InfoAut
Immagine di copertina per il post

Un primo commento alla due giorni “Una montagna di libri contro il TAV”

di notav.info

Sabato a Busooleno, domenica a Chiomonte e Giaglione prima, in val Clarea poi, tra letture, visite alle reti, discussioni in tavola rotonda su come questa vicinanza possa e debba esprimersi, e davanti ad una tavola alimentare su ogni argomento immaginabile, ci hanno riportato riflessi di come da fuori della Valle venga vista la nostra lotta, e a quali altre venga accostata.
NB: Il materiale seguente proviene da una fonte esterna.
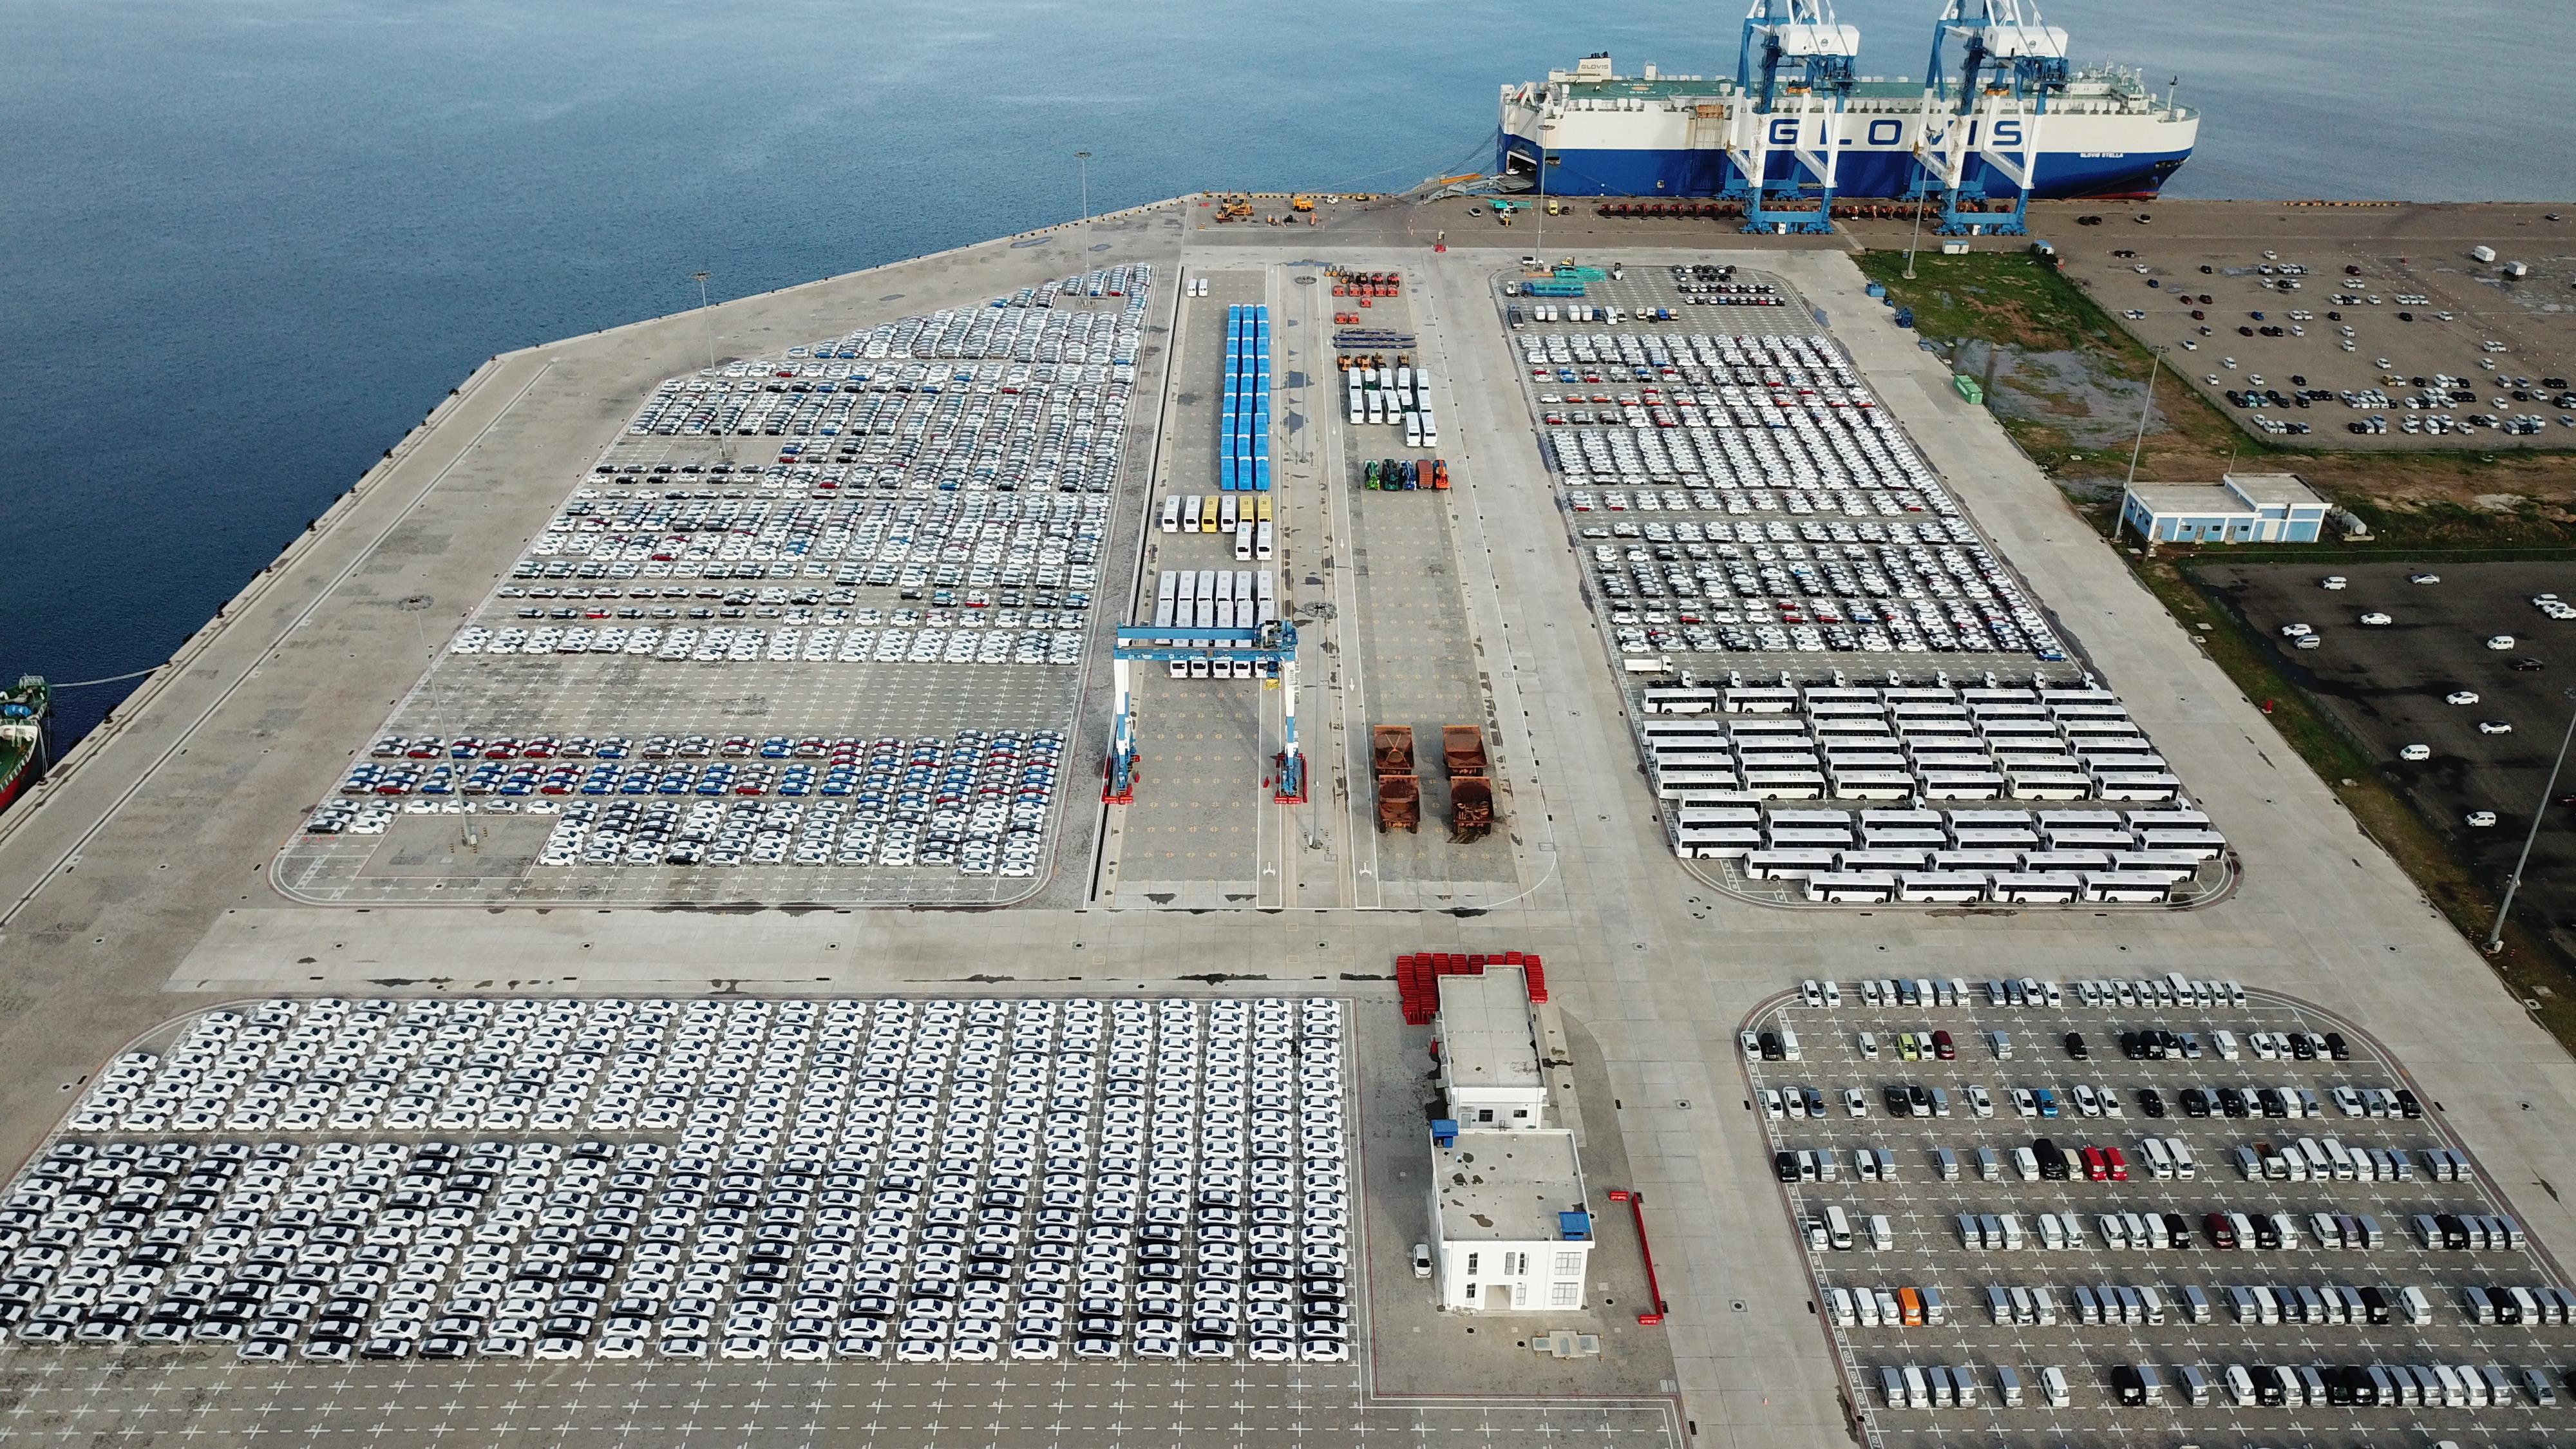 Sri Lanka's Hambantota International Port — Gateway to the

Rinunciando a tentare un riassunto coerente delle due giornate provo a riportarne qualche istantanea resa in parole.

 

Dalla giornata di sabato

Sentire l’incipit del prossimo romanzo di Serge Quadruppani (“dovevo consegnarlo a fine marzo”, dice), che si apre con la descrizione di un paesaggio, diviso in due parti diseguali dalla linea di un viadotto di autostrada, in cui nella parte bassa, sotto il sole di luglio, si fronteggiano polizia e manifestanti, divisi da una rete. Non c’è bisogno di sentir nominare Susa per capire di cosa parla.
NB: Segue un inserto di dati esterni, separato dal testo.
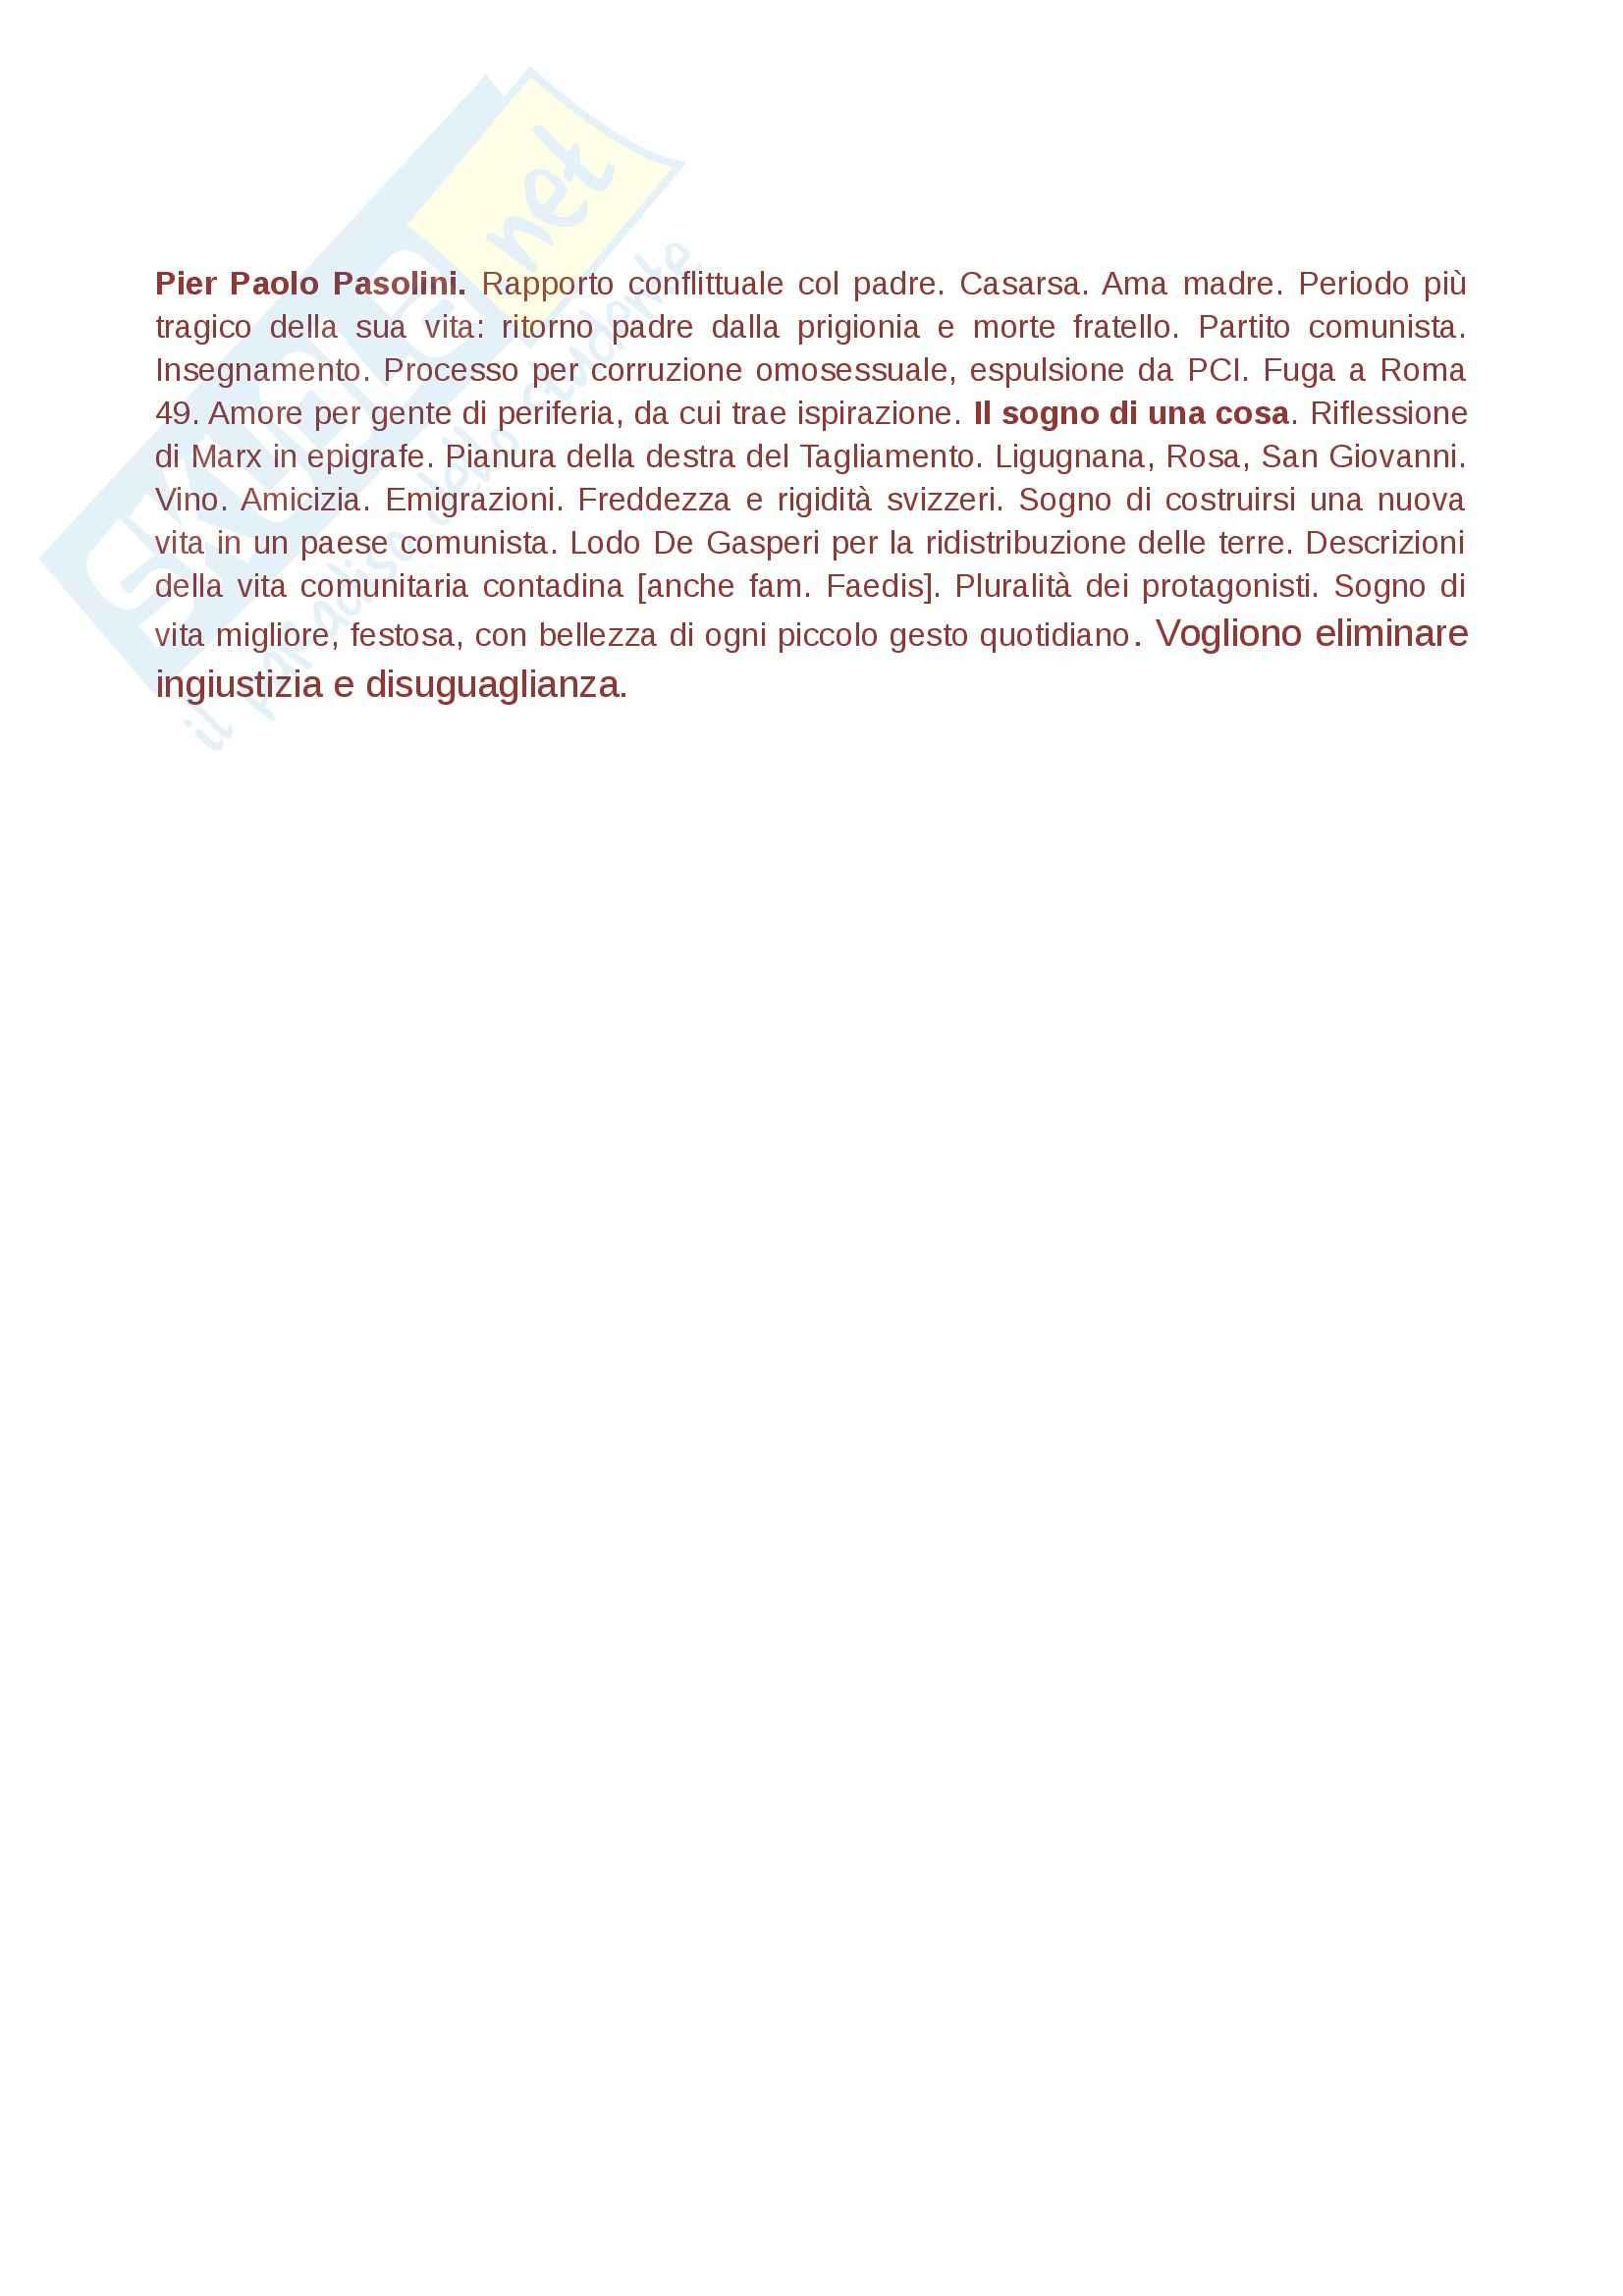 Riassunto esame Letteratura italiana, prof. Gallo Pag. 6

Rimanere interdetti da Dominique Manotti, che estrae da uno dei suoi libri un’espicita metafora sessuale del rapporto tra potere politico e potere economico, col primo completamente succube del secondo.

La riflessione di Filippo Sottile sul fortino della val Clarea visto come set pronto per una rappresentazione di un lager, in attesa solo delle comparse

Kai Zen J, che con un stralcio del loro ‘Delta Blues’, imperniato sulle azioni nel delta del Niger di un facilmente identificabile ‘Ente’ ci mette di fronte alla domanda ‘”Cosa succede se scopriamo che nella trama noir l’assassino siamo noi?”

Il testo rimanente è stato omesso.